Wired.com confirmed Facebook is blocking private messages by sending a link to a Pirate Bay torrent feed of a book in the public domain. Such content is freely available to everyone, as all copyrights have expired. Nevertheless, the message bounced twice, returning the following failure notice: “This Message Contains Blocked Content. Some content in this message has been reported as abusive by Facebook users.” (Facebook’s link-censoring system is may be just tilting at windmills, however, because removing a single vowel from the domain name lets the URL go through.)

In the case of Wired.com’s test, there were only two Facebook users who should have been aware of the content — Wired.com editor John C. Abell and his message’s intended recipient, who was sitting five feet from him — and neither had the slightest objection to it whatsoever.
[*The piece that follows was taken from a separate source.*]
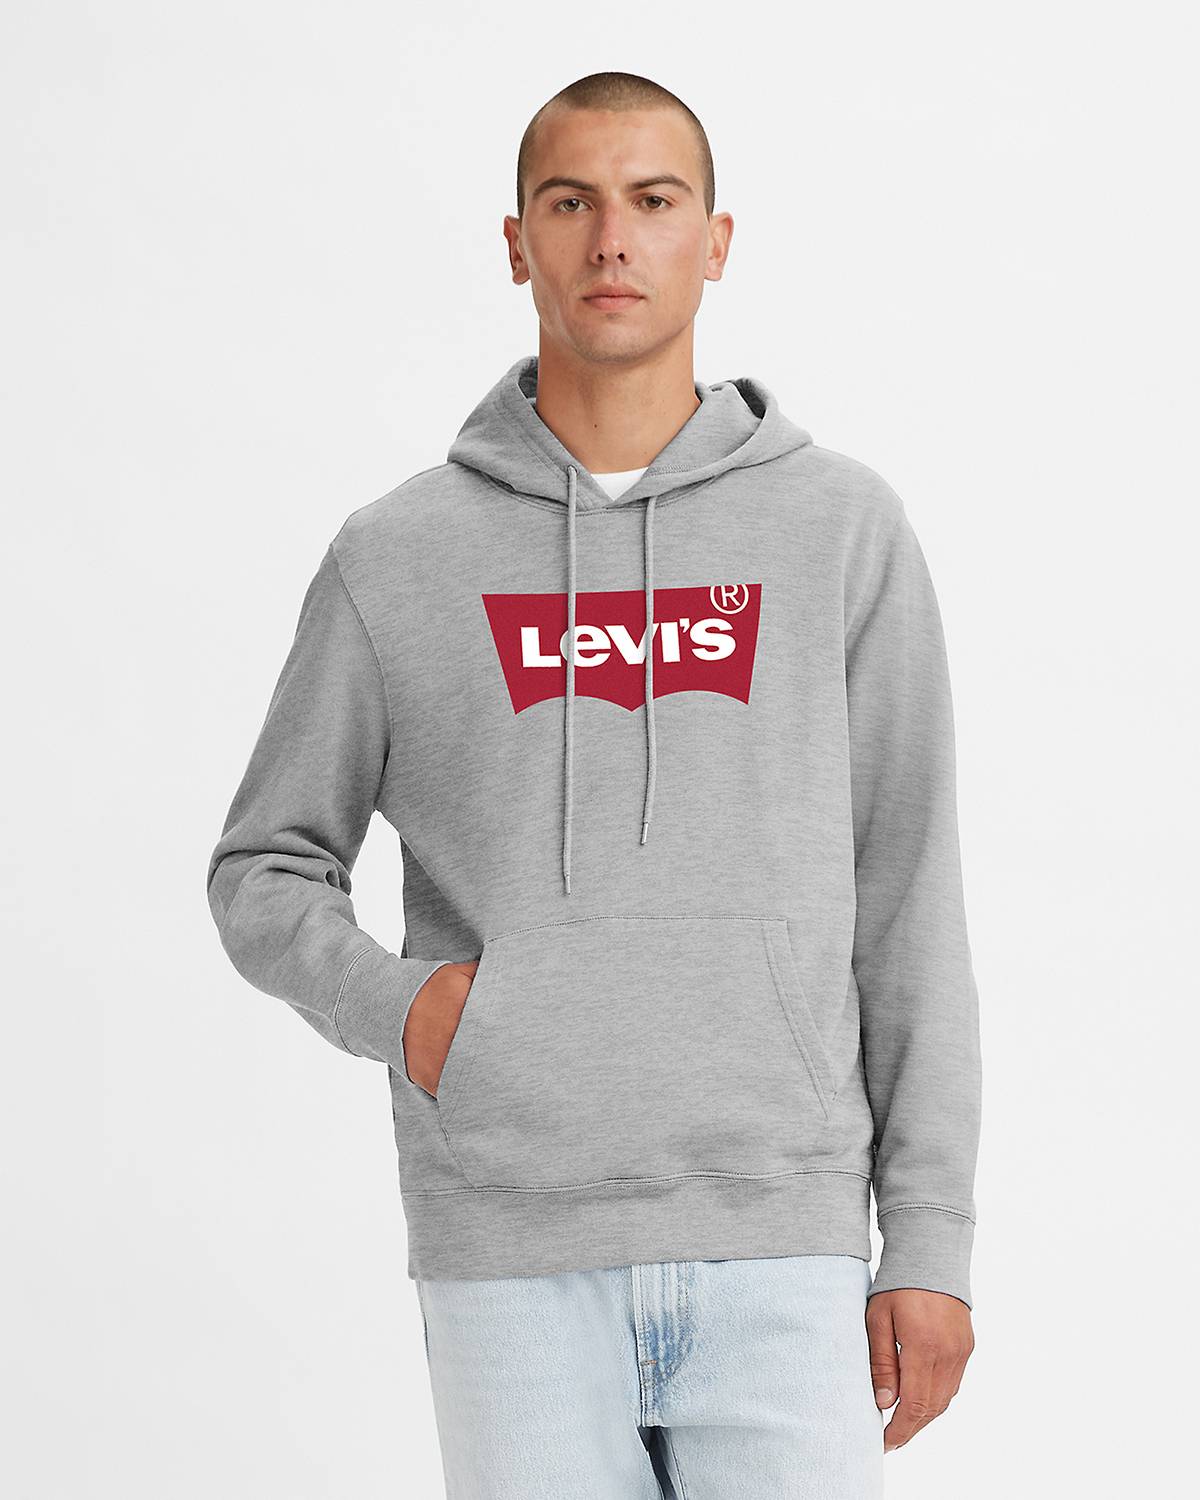 Levi's® - 14148 - bonnets 56 dark grey - Jeanstation.fr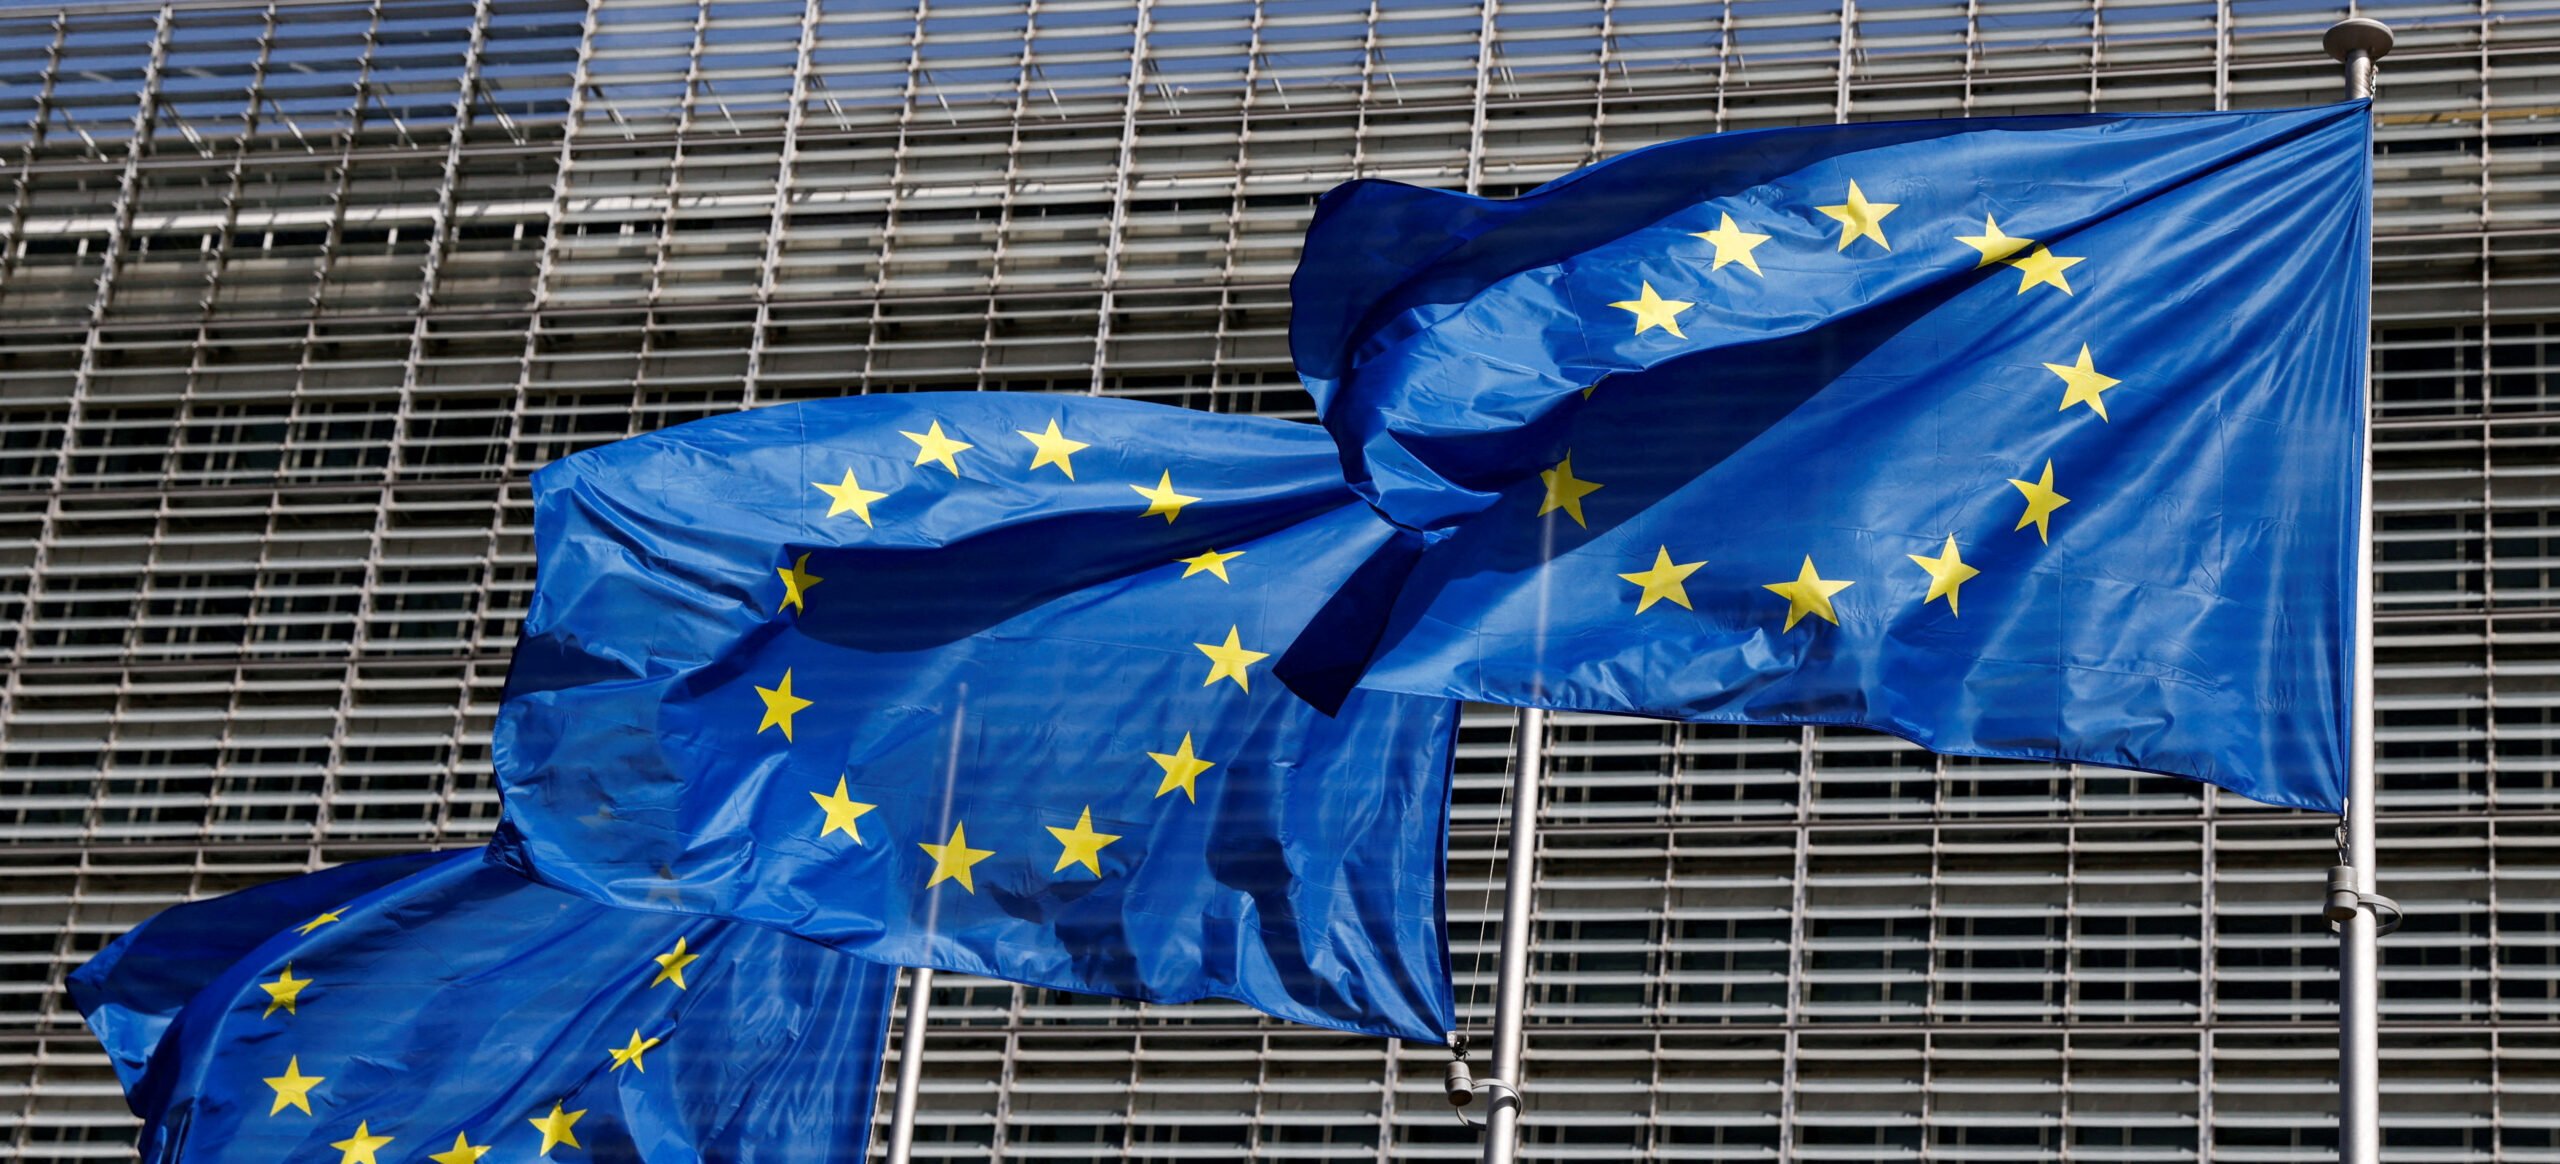 UWC welcomes EU’s decision to allocate €50 billion to Ukraine

Source: Ryan Singel – Wired.com

Ryan also points out in his post that while Facebook is falling back on their Terms of Service as their protection those same messages are also covered by the Electronic Communications Privacy Act, which forbids providers from intercepting user messages. Additionally

EFF lawyers suggested that the legality of Facebook’s censorship turns on Facebook’s Terms of Service, how and when the blocking takes place, and whether the messaging system affects interstate commerce (thus giving the federal government jurisdiction).

It’s not clear, however, how links to torrents are spammy, harassing or illegal. Torrents themselves are not copyright-infringing, nor would Facebook be liable for their users’ communications under federal law even if the files were infringing.

Yup, Facebook is all about openness and transparency especially when it comes to them monitoring their users.

[Facebook email graphic courtesy of Wired.com]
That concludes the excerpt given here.